■ Data below:

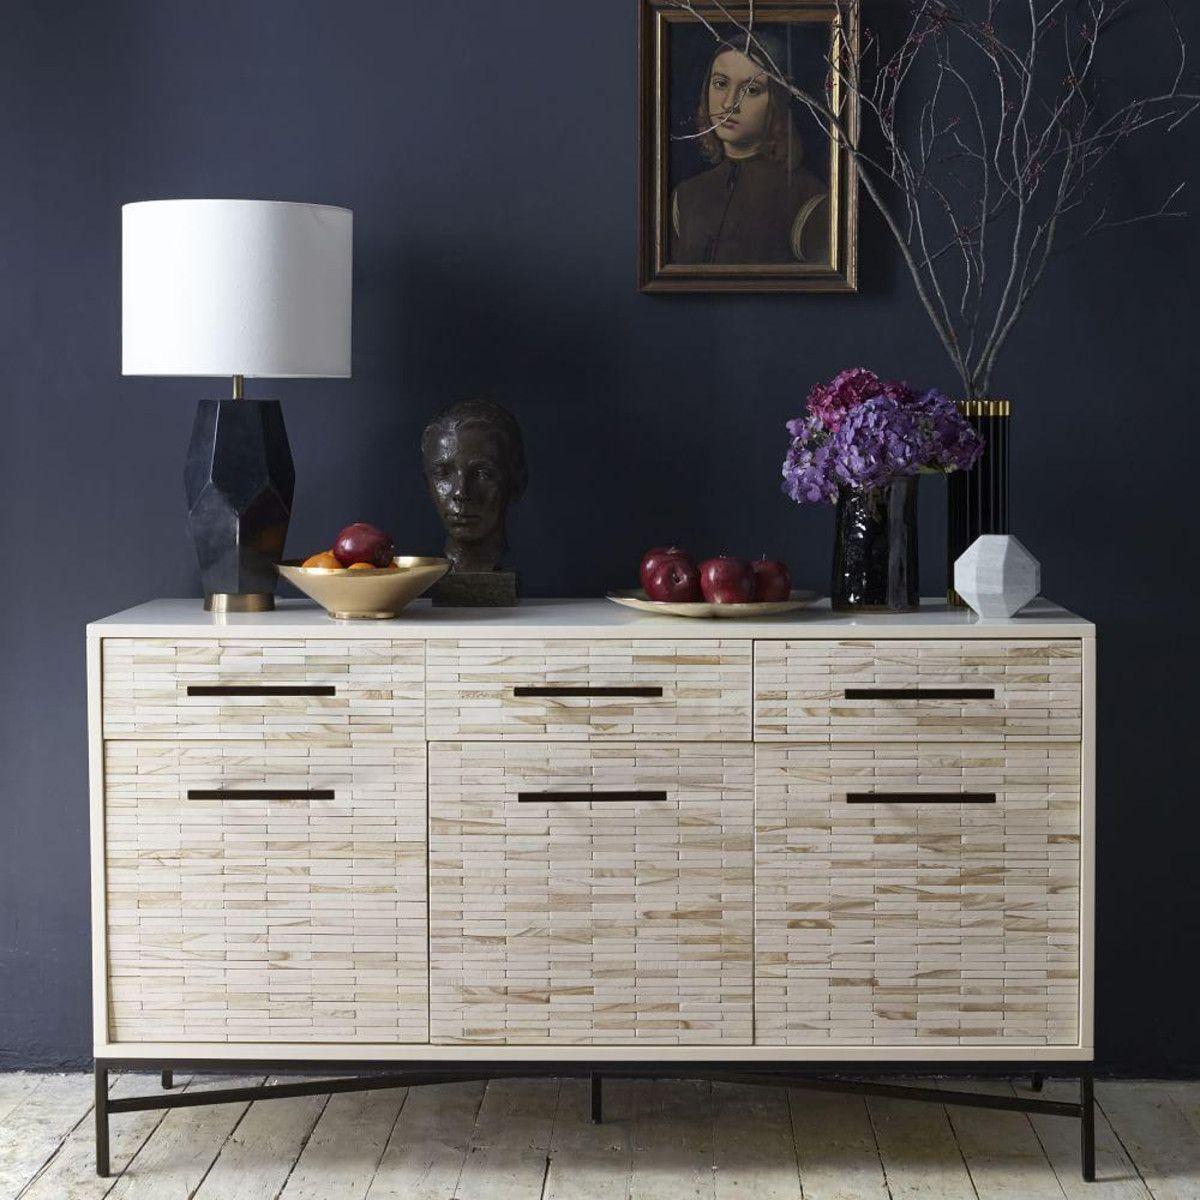 Wood Tiled Sideboard Modern Buffet Table Decor Mid
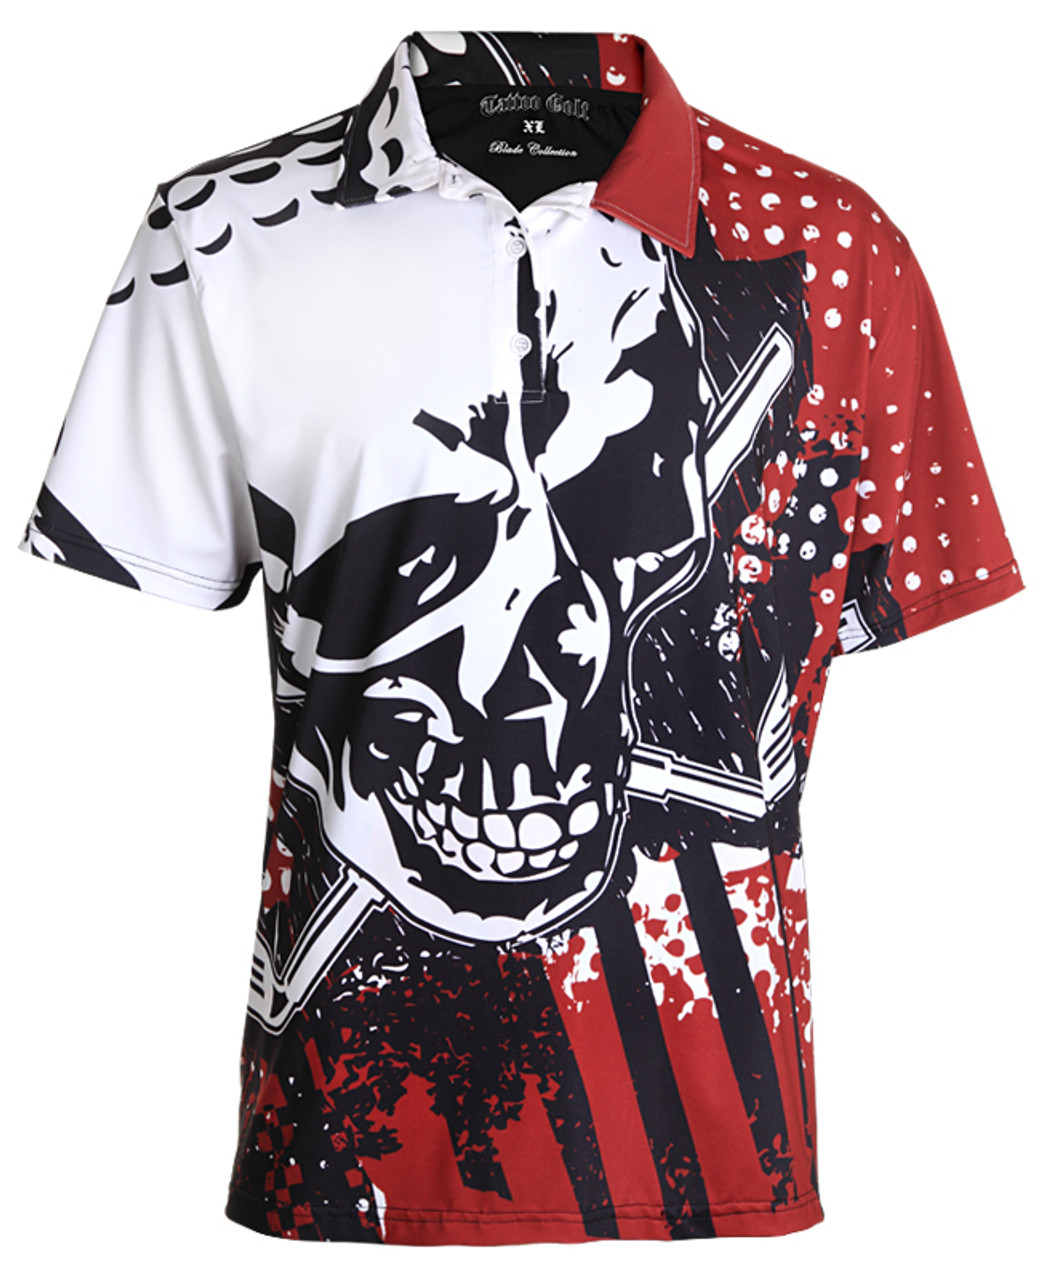 Golf Polo Shirts - The Blade Golf Shirt
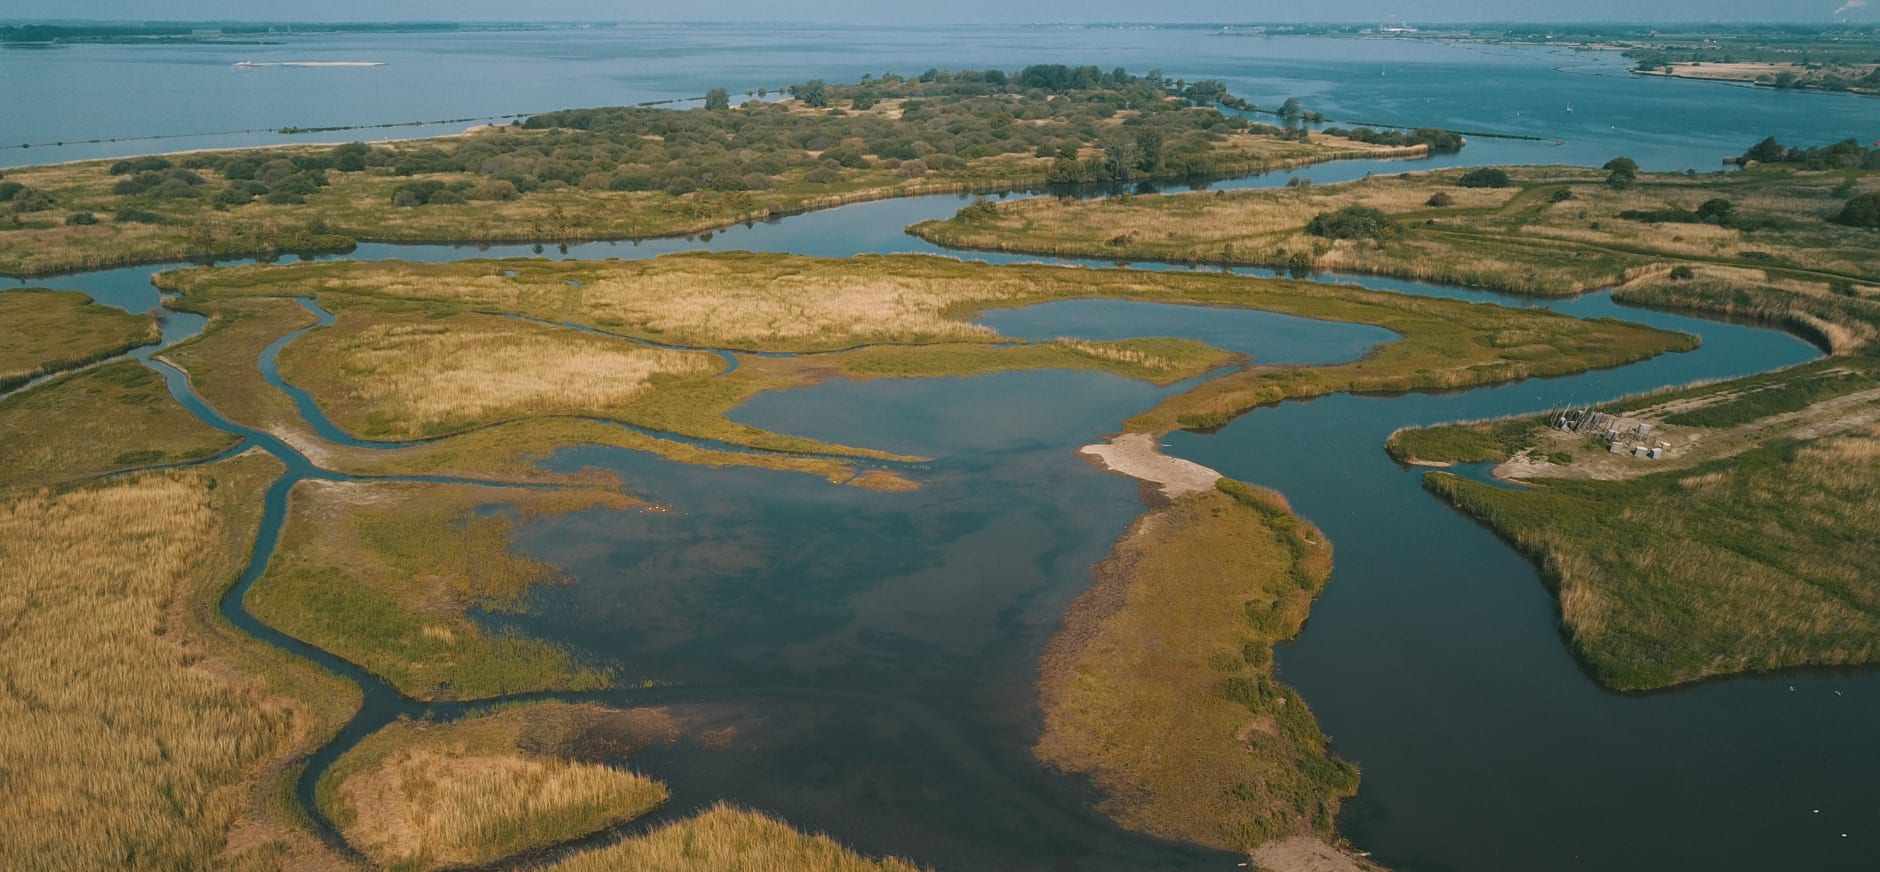 Drone foto Korendijkse Slikken na natuurherstel
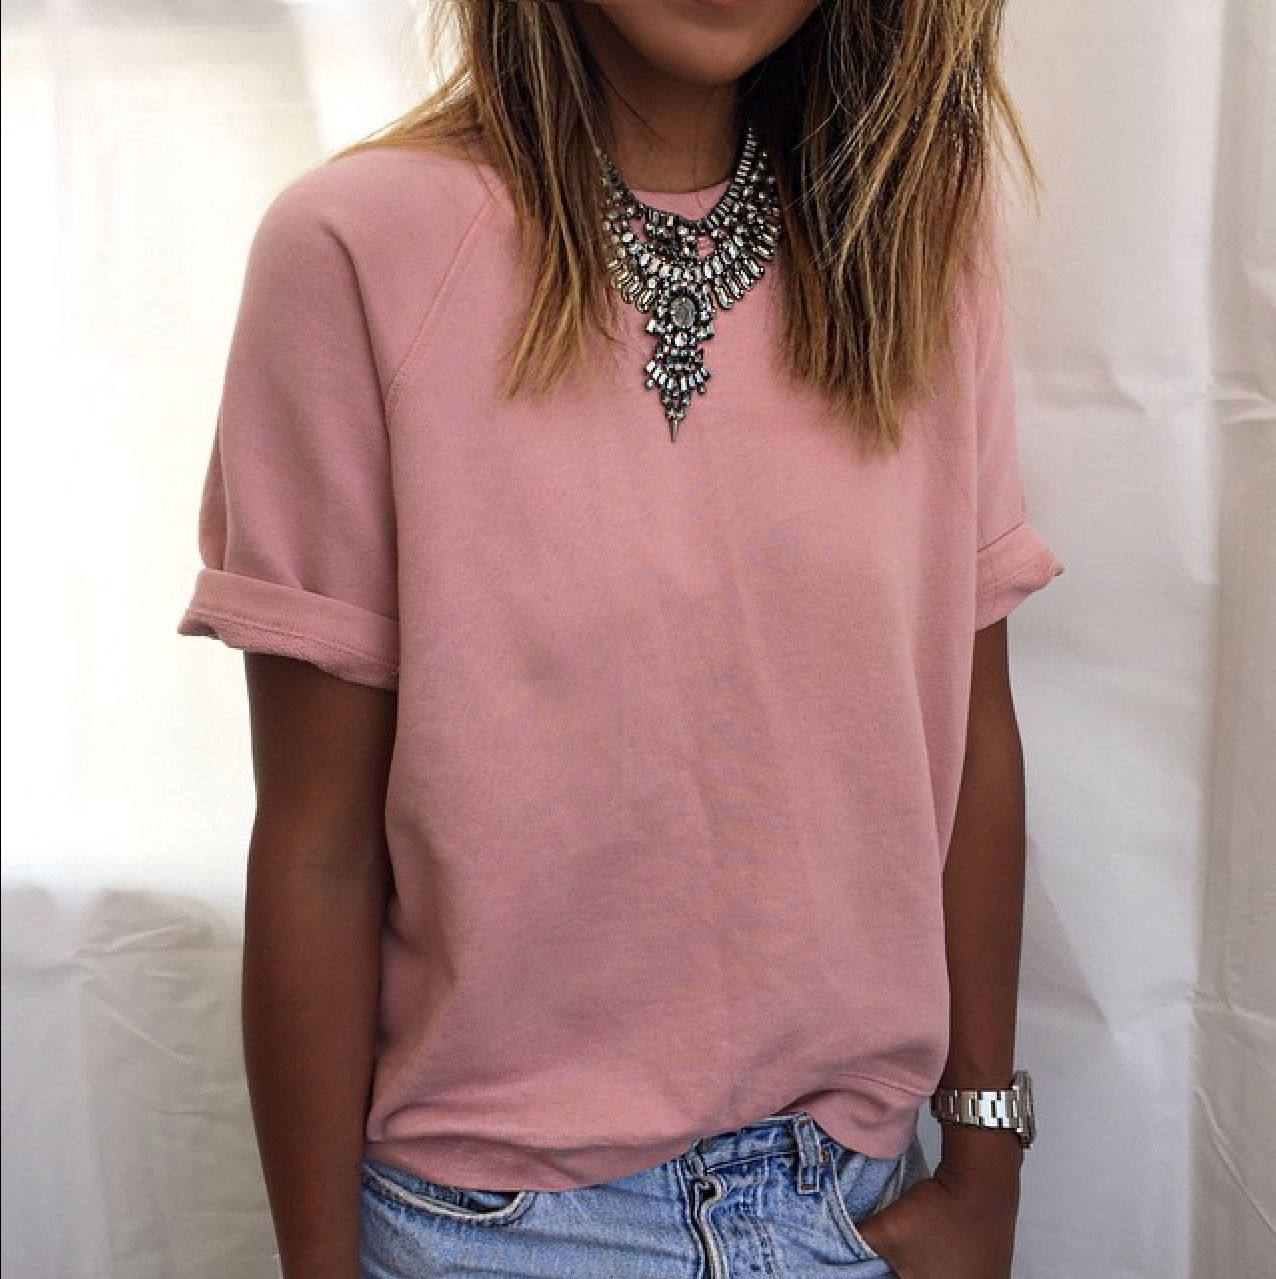 Resultado de imagen para necklace shirt

■ Your instructions:
All lines from the one containing "Golf Polo Shirts - The Blade Golf Shirt" to the last line of the data above, both included, should be printed exactly, and the pictures should not appear.

■ Exercise result:
 Golf Polo Shirts - The Blade Golf Shirt
 Drone foto Korendijkse Slikken na natuurherstel
 Resultado de imagen para necklace shirt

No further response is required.